- Instructions to follow -
The listing is to be transcribed in full, with its images left out.

- Data segment -
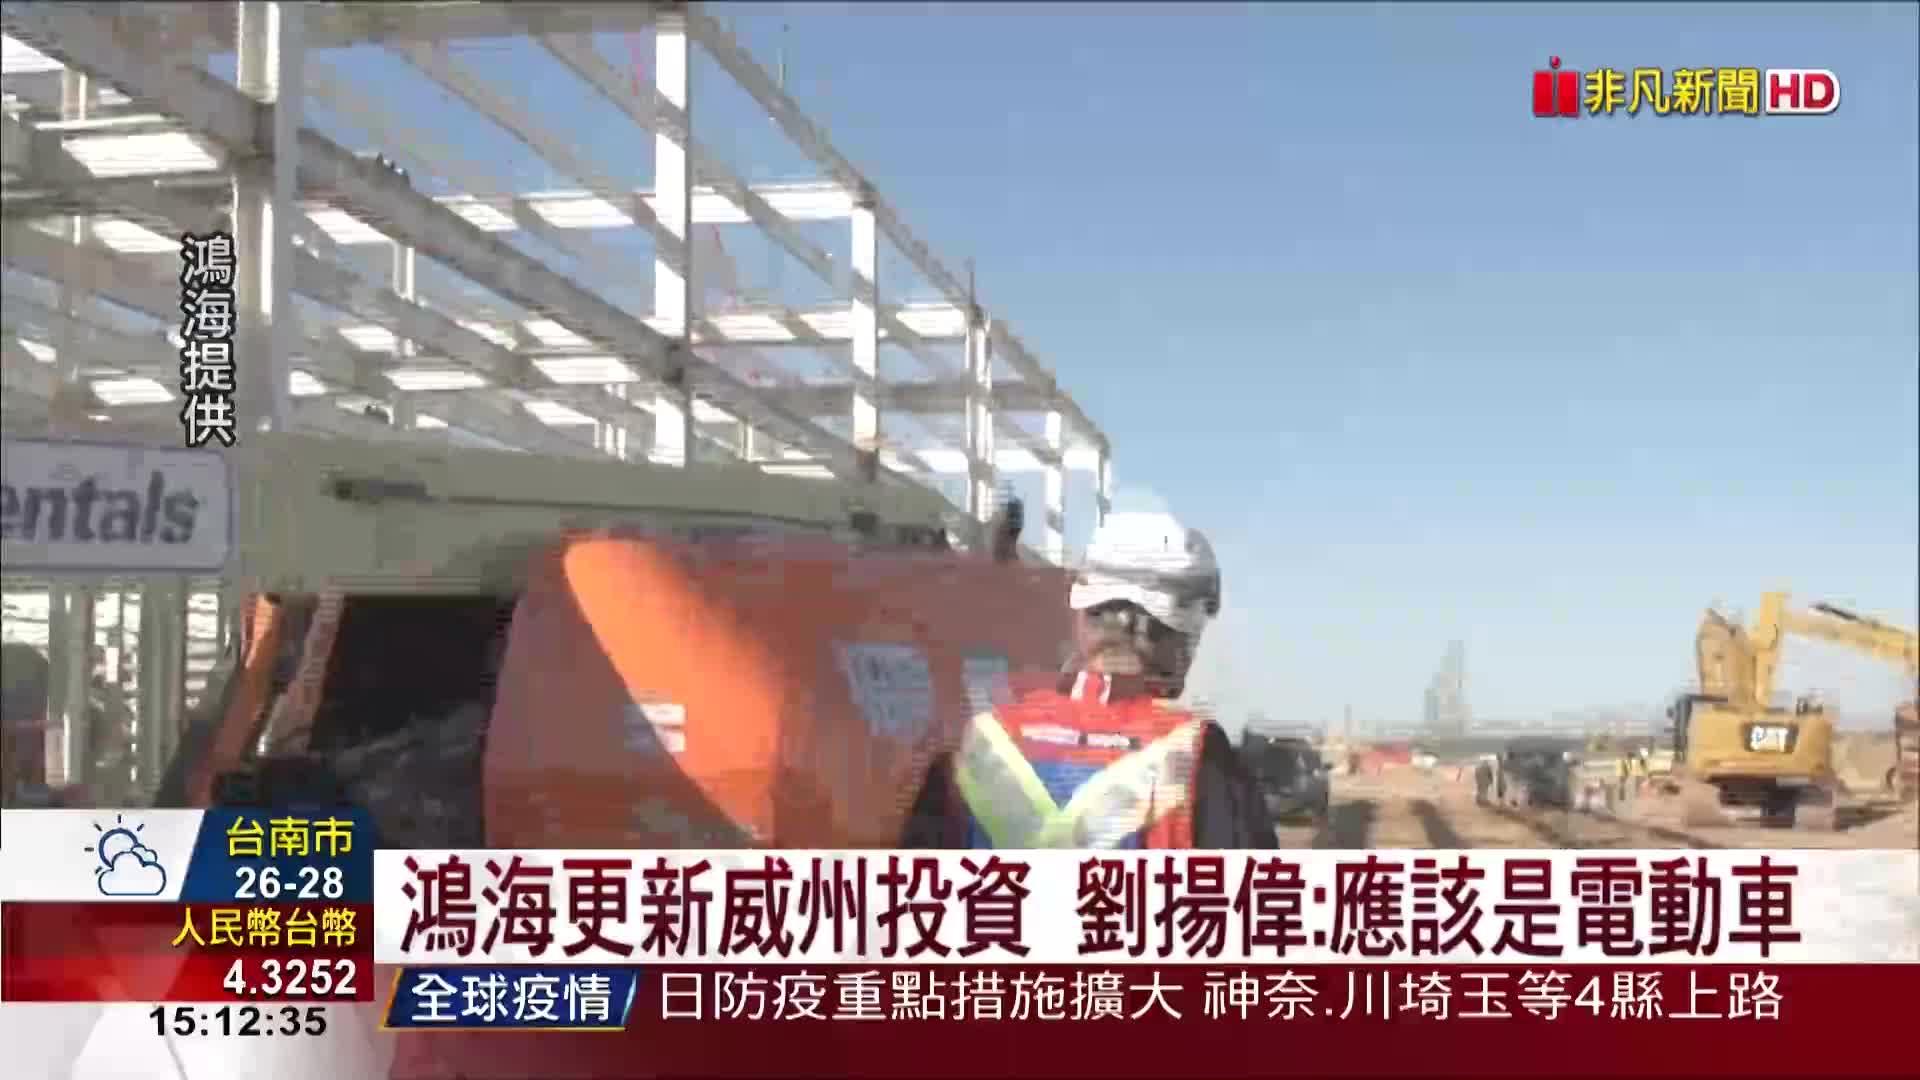 鴻海更新威州投資 劉揚偉:應該是電動車
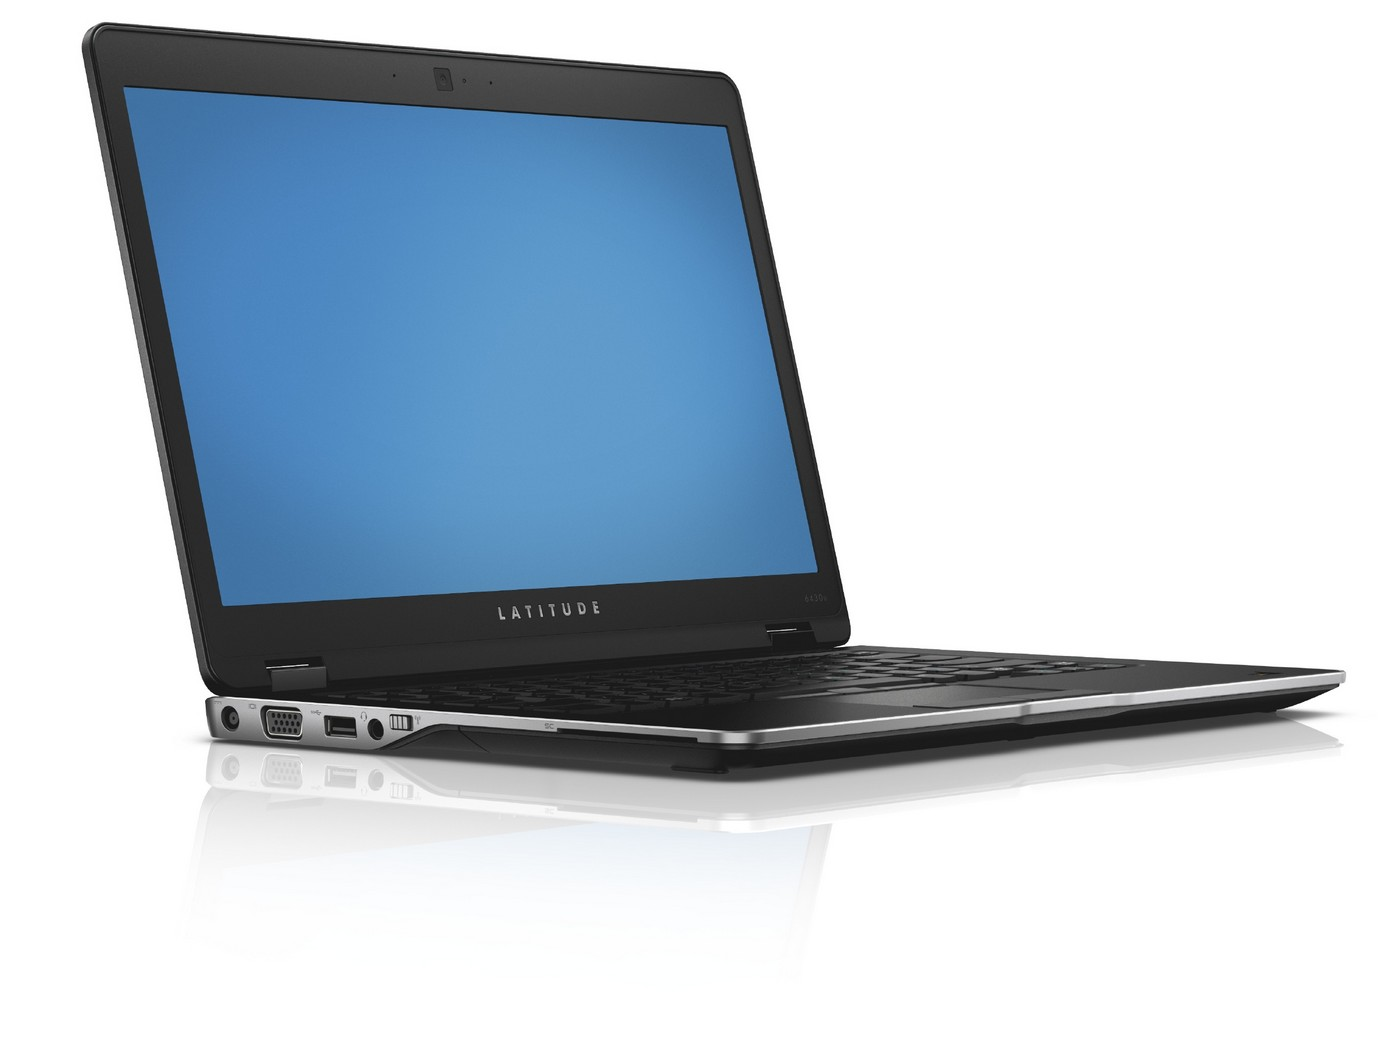 Laptop cũ Dell rẻ: E5420,E5430,E6410,E6420,E6430,vostro 3360 đã có tại số 16  ngõ 35 Lê Đức Thọ - HN - 130798
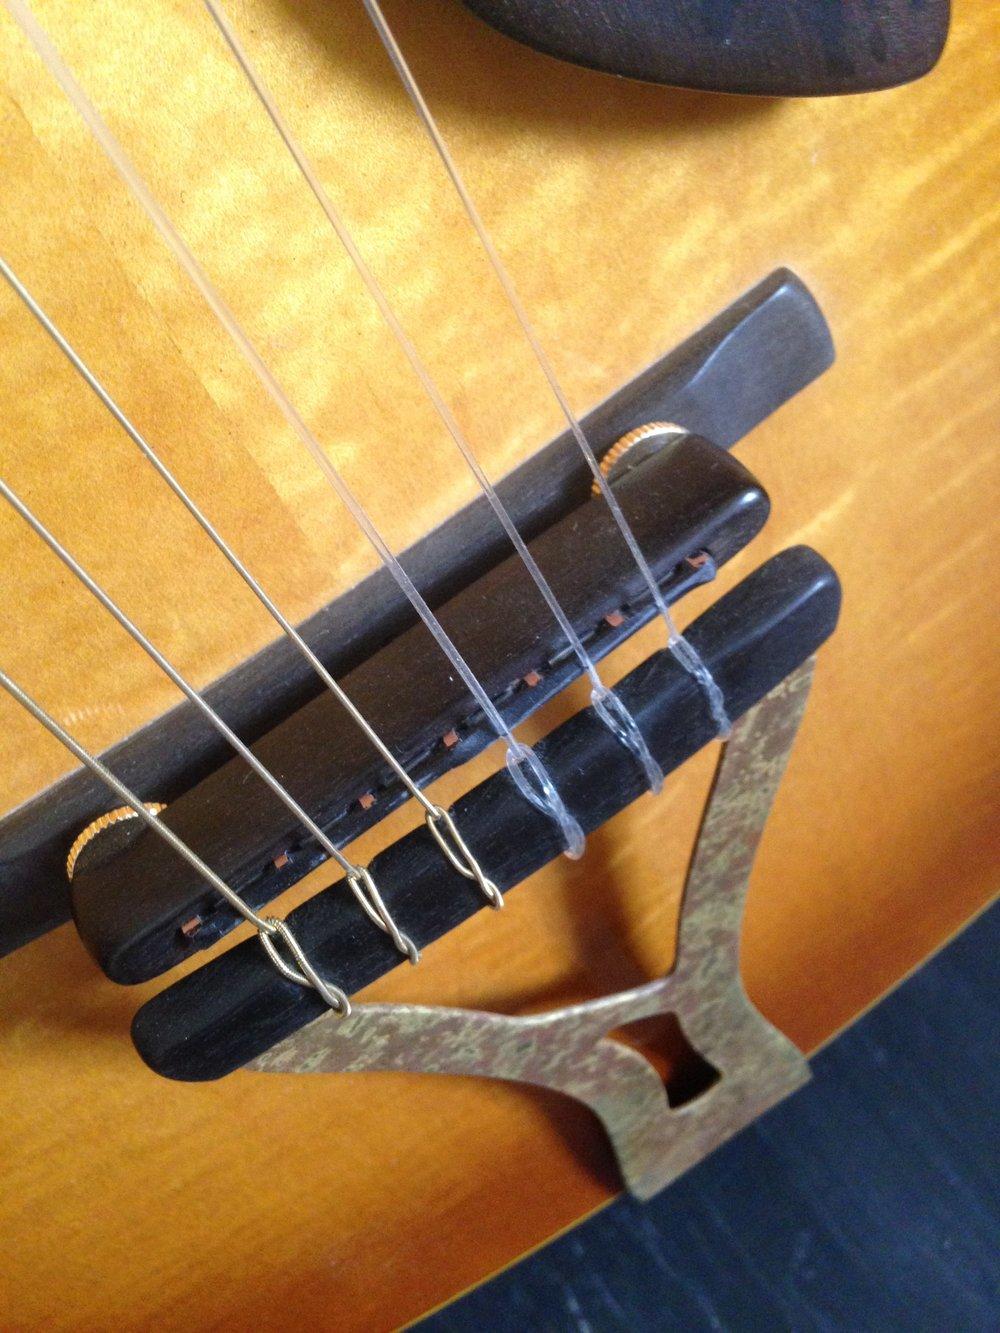 borys_guitars_IMG_2480.JPG

- Written answer -
 鴻海更新威州投資 劉揚偉:應該是電動車
 Laptop cũ Dell rẻ: E5420,E5430,E6410,E6420,E6430,vostro 3360 đã có tại số 16  ngõ 35 Lê Đức Thọ - HN - 130798
 borys_guitars_IMG_2480.JPG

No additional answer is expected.